To determine if the ilioischial line was located anteriorly or posteriorly in the pelvis, we drew line β from the most anterior to the most posterior point on the pelvic medial wall. This line was then divided into four equal parts, designated as zones 1–4, from the anterior to the posterior points (Fig. 6). If the cortical bone was located between two zones, the two adjacent zones were identified, including the ilioischial line.

Statistical analysis

For the 51 hips, distances A, B, D, and E, and zone classification of the location of the ilioischial line were recorded by four blinded observers (1 orthopedic surgeon, 2 physical therapists, and 1 radiological technician), twice, with an interval of at least 2 weeks between measurements. The images were enlarged sufficiently using a digital viewer to measure up to one decimal point. The ICC was calculated for intra- and inter-observer reliability.
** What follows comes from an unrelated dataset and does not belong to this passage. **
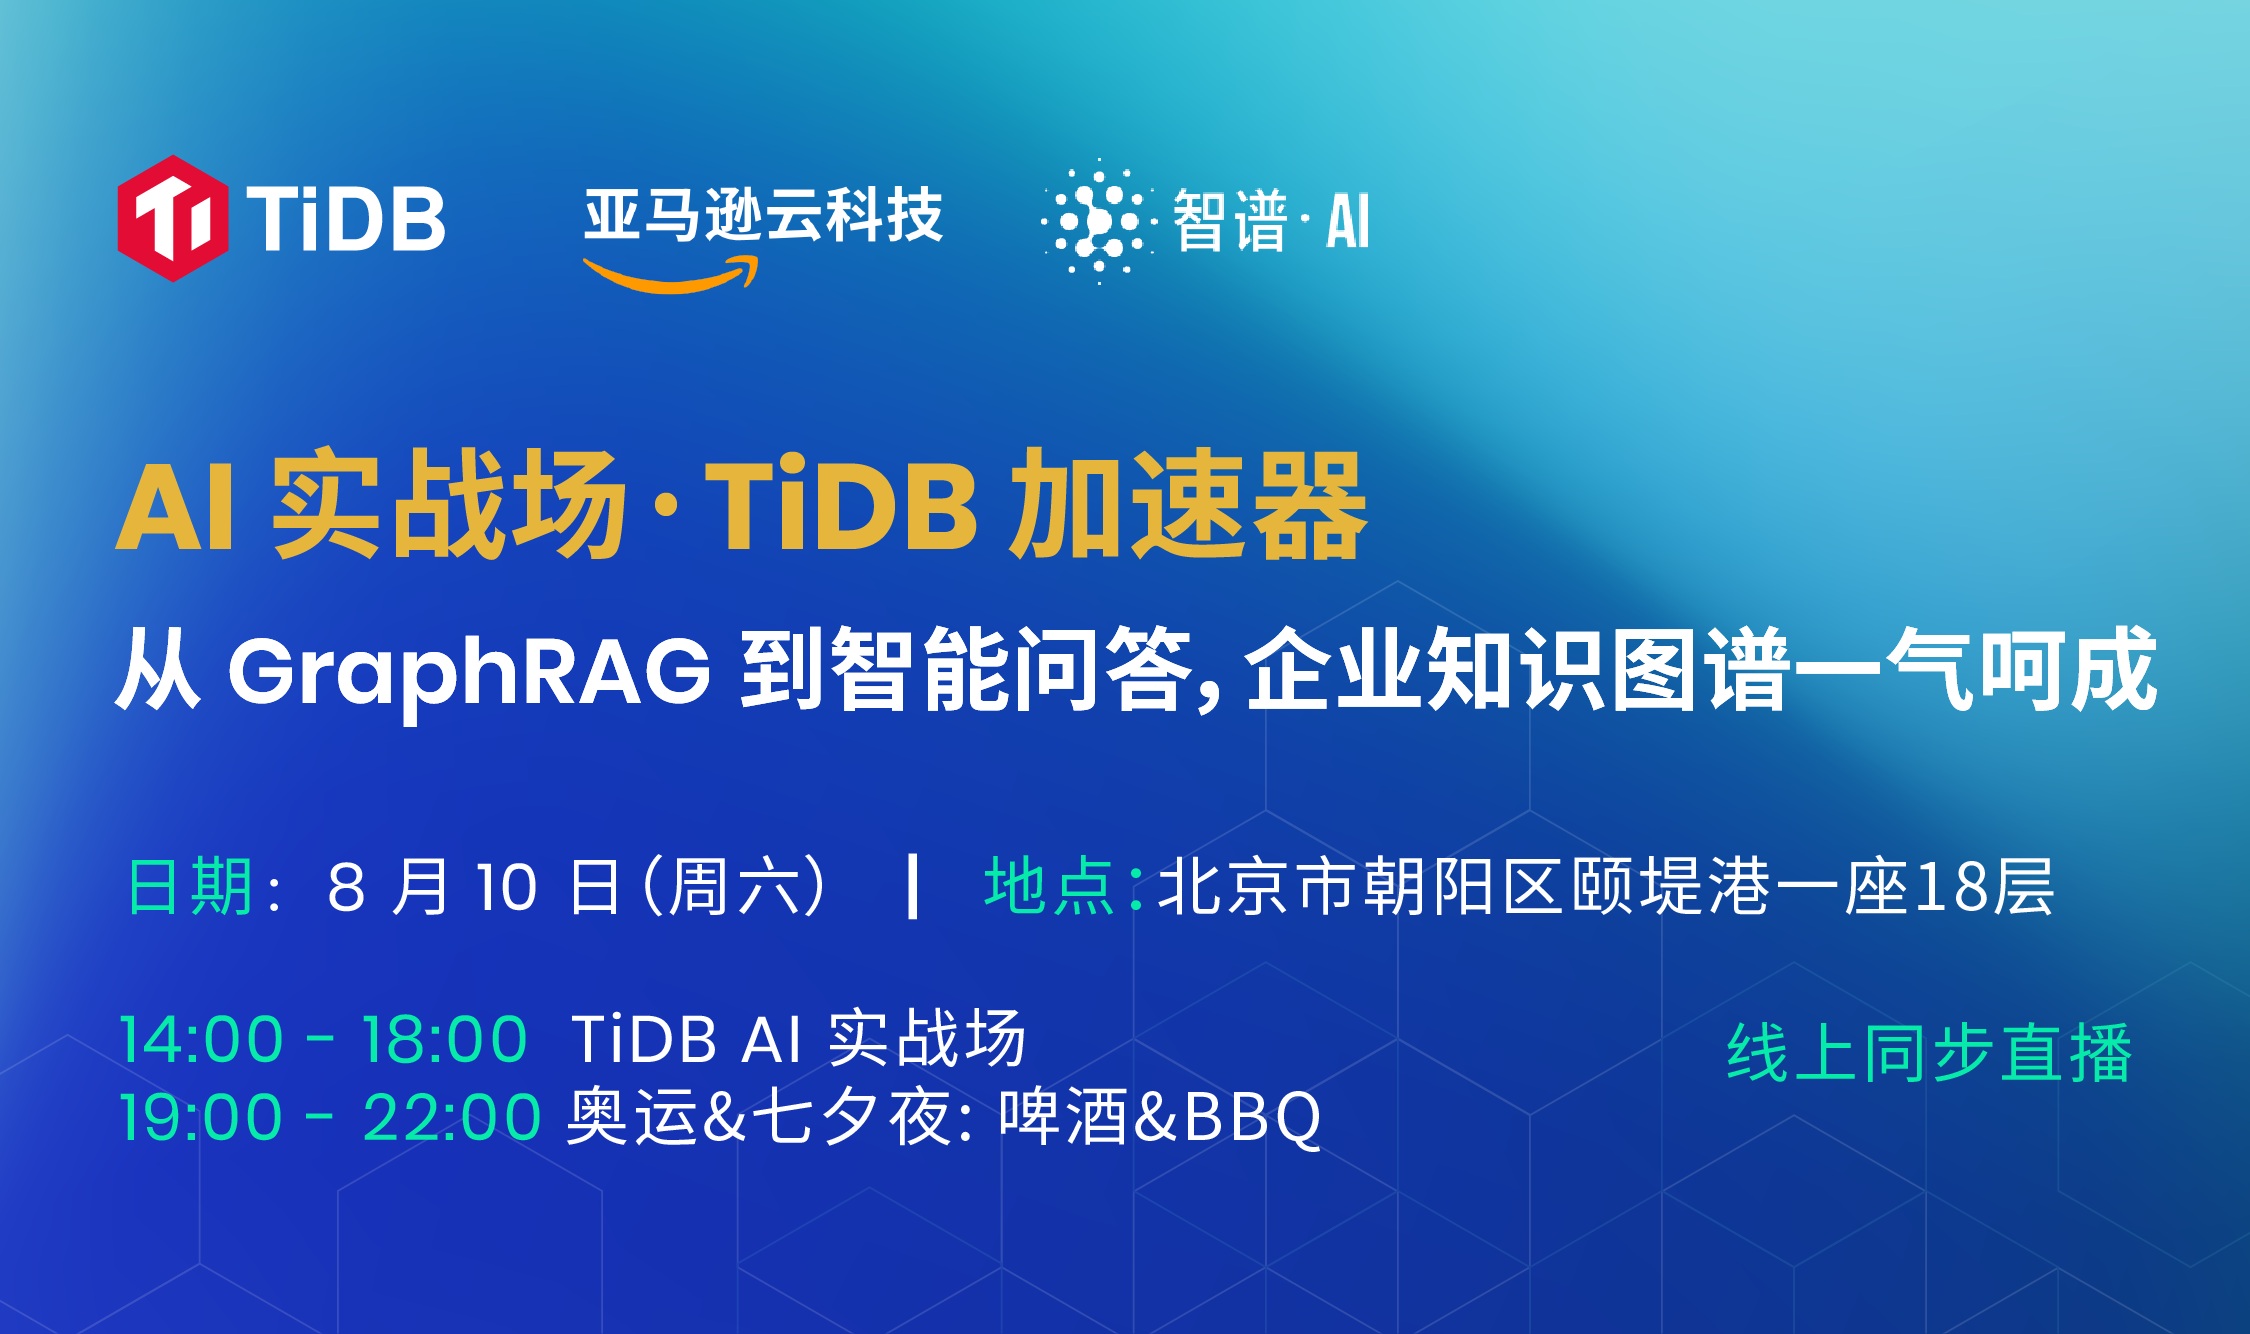 8 月 10 号 TiDB AI Workshop 实战北京站：一起探索 AI GraphRAG、智能问答、企业知识图谱的落地与实践！TiDB Hackathon 现场实战动手训练的机会来啦！

ICC values were interpreted as follows [12]: <0.5, poor reliability; 0.5–0.75, moderate reliability; 0.75–0.9, good reliability, and >0.90, excellent reliability. Data were expressed as the mean (±standard deviation), with 408 measures (4 observers, measured twice, for 51 hips) included. For each hip, the difference between distances A and B was calculated. The percentage of hips in which this difference was >1 and >2 mm was calculated. The correlation coefficient between distances A and B was calculated. A Bland–Altman analysis was used to determine the level of agreement between the measured distances. The distribution of localization of the ilioischial line within the four zones of the medial acetabular wall was calculated.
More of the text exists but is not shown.